In the early hours, it can all feel a little overwhelming; just getting used to flying your truck is enough to worry about, but you'll soon have to don a spacesuit and fix hull breaches, or maintain the onboard gravity system, or top up your fuel. There's a lot of plates to spin, and it's as much a survival game as it is anything else.

Some will like that constant pressure, but we never got into a good groove; always short on money or essential resources, struggling to keep up with the game's robust but pretty demanding systems.

Fortunately, there's a good amount of flexibility, allowing you to tweak the difficulty to your liking. If you want to focus more on making deliveries and less on everything else, you can — and vice versa.

Flying about in zero-gravity takes a while to bed in; your vehicle feels suitably hefty, to the point it can be hard at times to avoid impacts with space debris or passing traffic.
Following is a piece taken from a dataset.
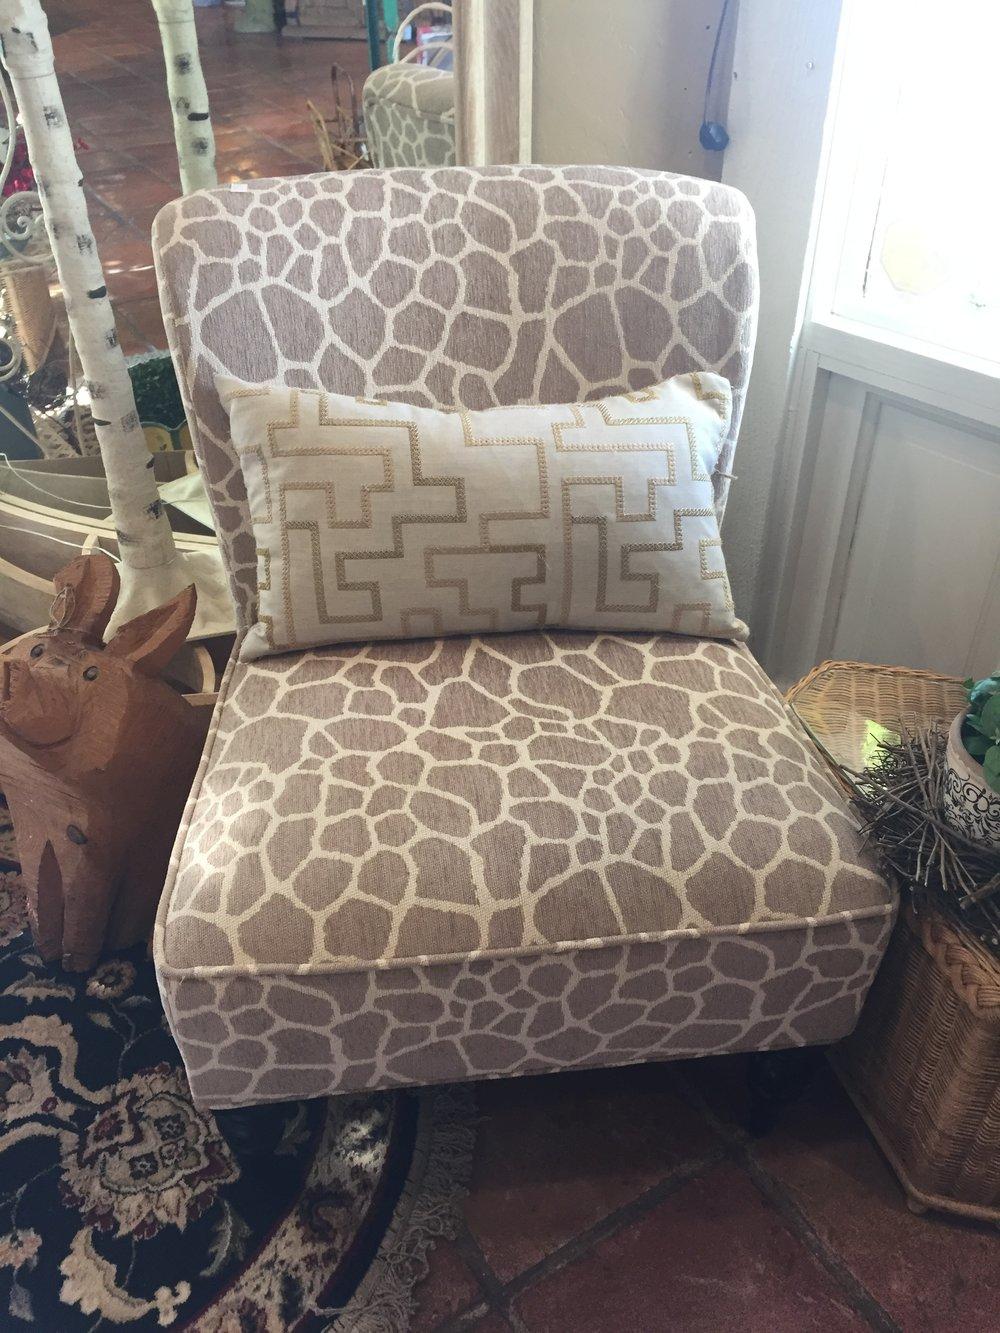 Giraffe Print Accent Chair $229.95 - C1044 21788

This alleviates after you get a feel for it, but again, early on it can be frustrating.

As with all games of this ilk, though, there's a real satisfaction in mastering it. Successfully delivering your load after a long journey through several jump gates feels great, and there's some decent progression with a skill tree for new job types and lots of upgrades for your truck.

There's a fair amount of depth to Star Trucker if you have the patience for it, and it's all presented with pleasant visuals and Americana stylings that lend it a fun atmosphere. There are some potentially frustrating elements and it's tougher than you might expect, but there's a fulfilling and novel game here for sim fans.